» What the task asks: None of the pictures should be copied, though every line of the listing must be printed exactly.

» Information provided:

──────────

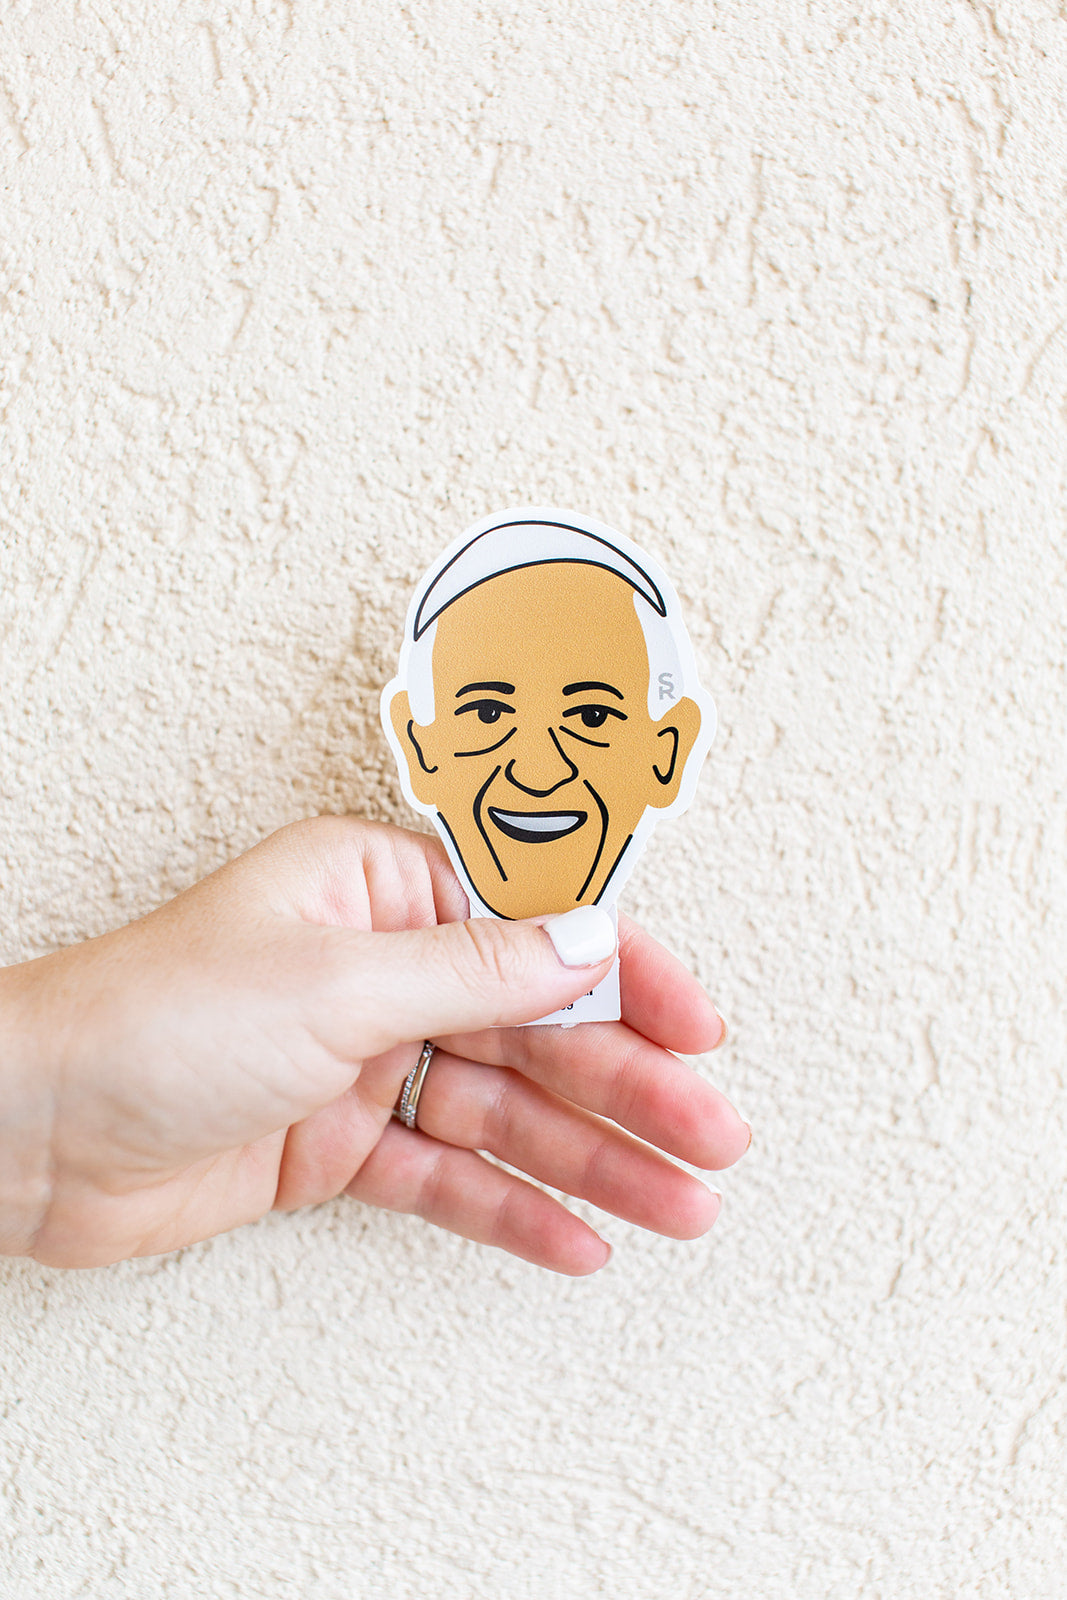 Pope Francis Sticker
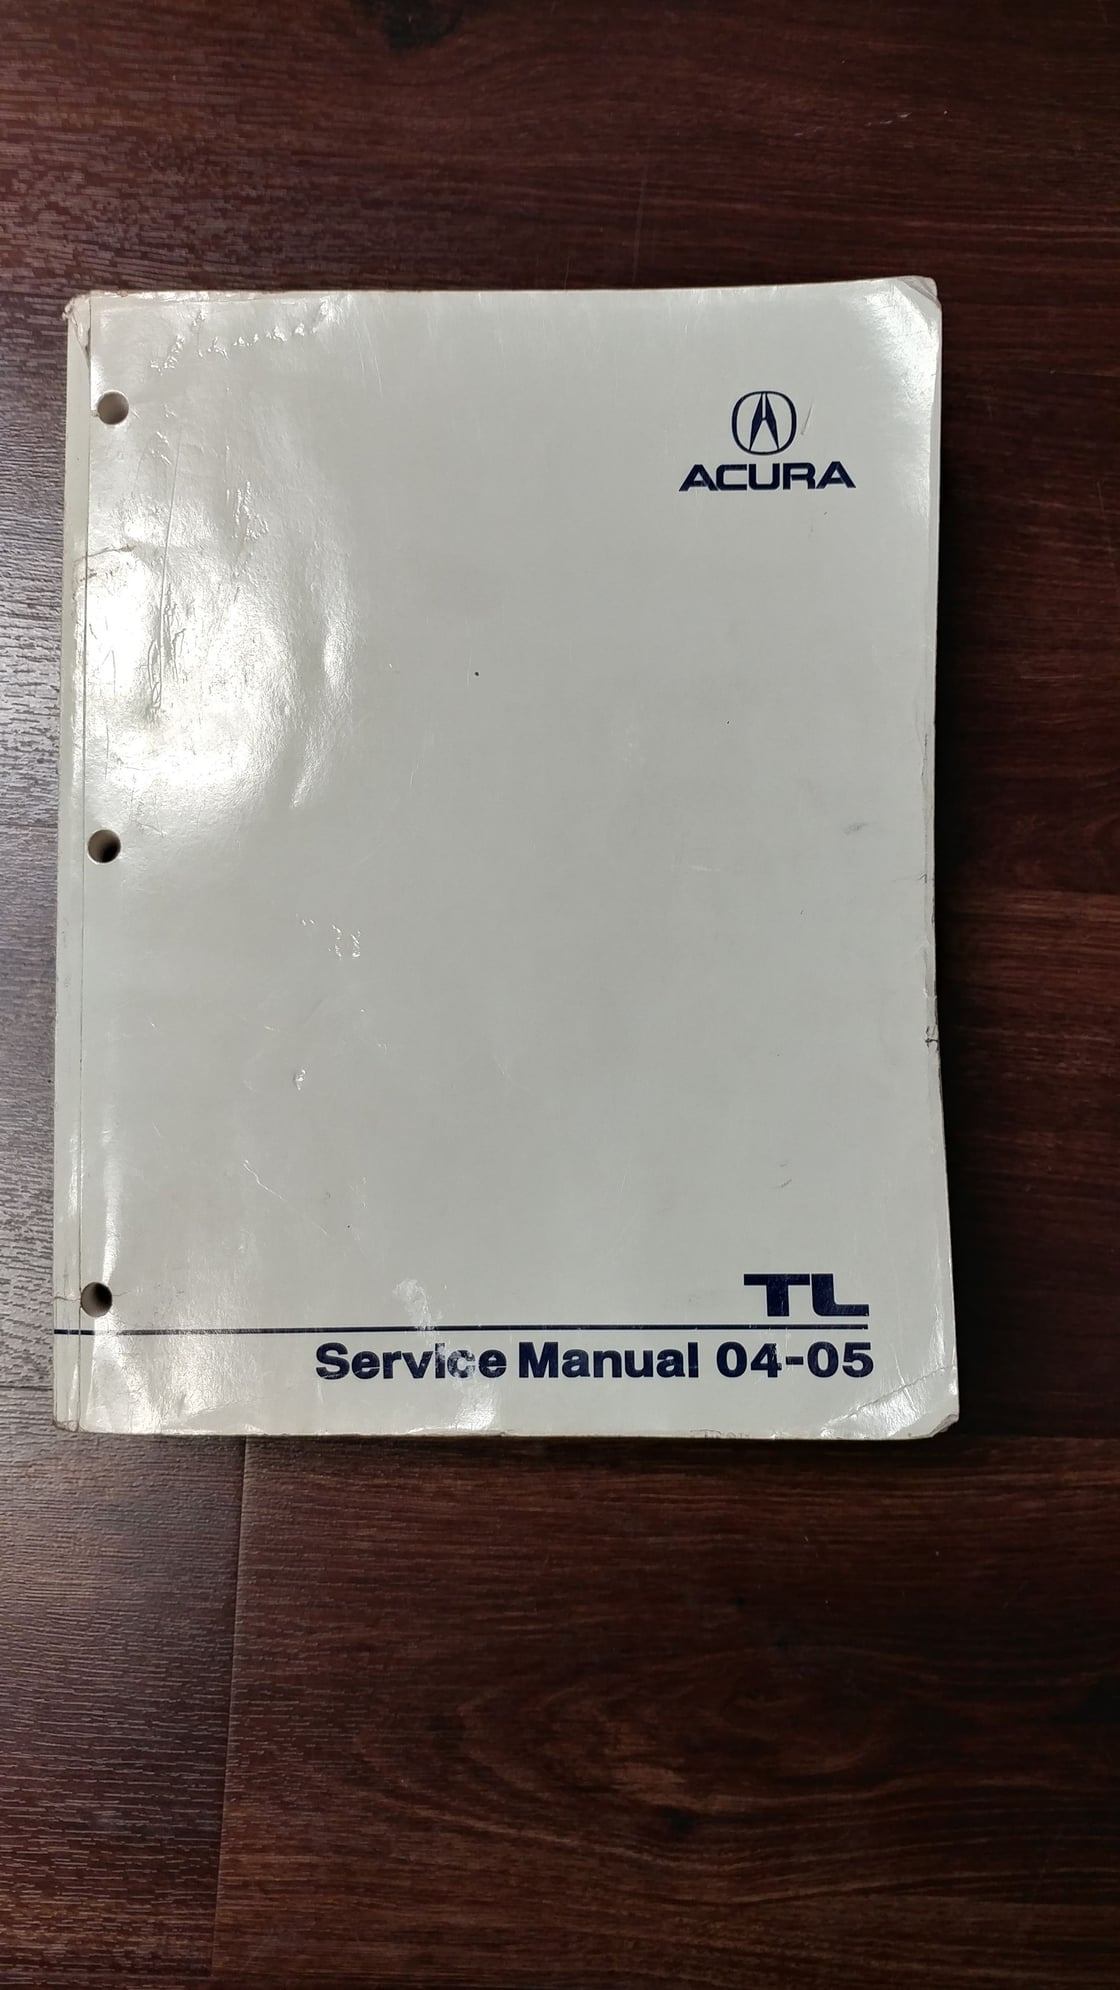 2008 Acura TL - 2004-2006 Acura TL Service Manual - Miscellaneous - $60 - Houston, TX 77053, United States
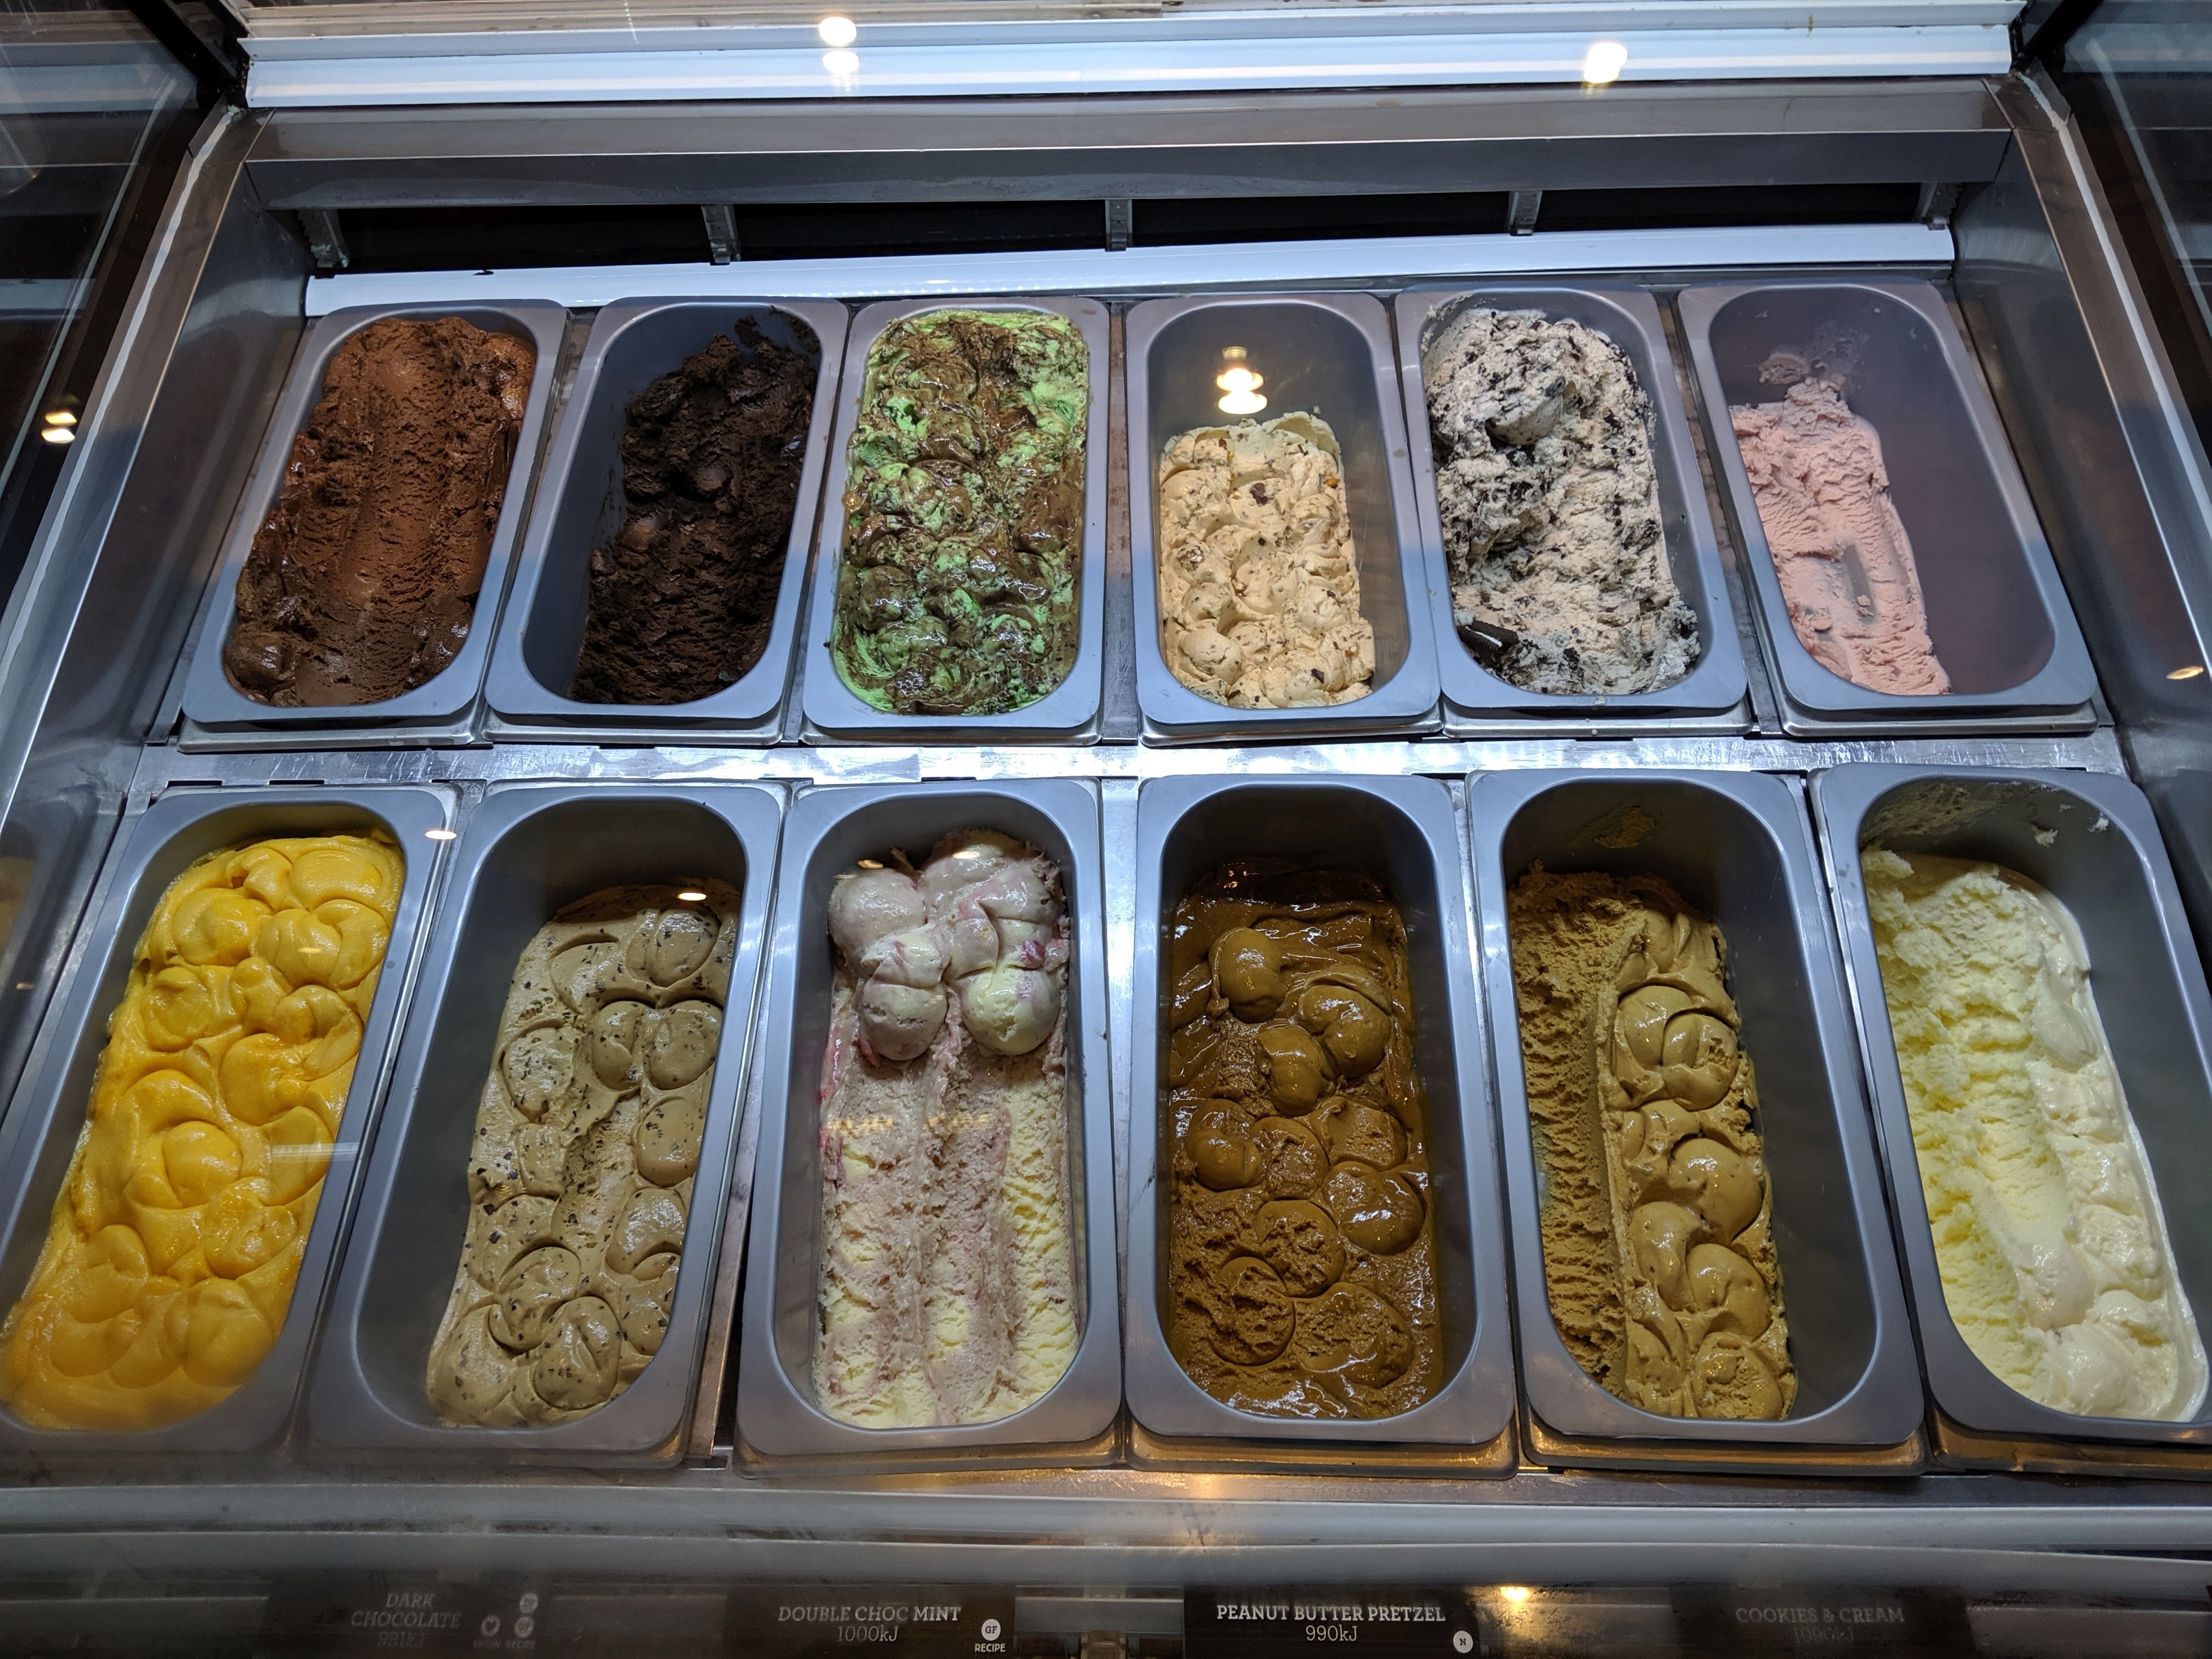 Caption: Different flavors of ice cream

──────────

» Task response:
 Pope Francis Sticker
 2008 Acura TL - 2004-2006 Acura TL Service Manual - Miscellaneous - $60 - Houston, TX 77053, United States
 Caption: Different flavors of ice cream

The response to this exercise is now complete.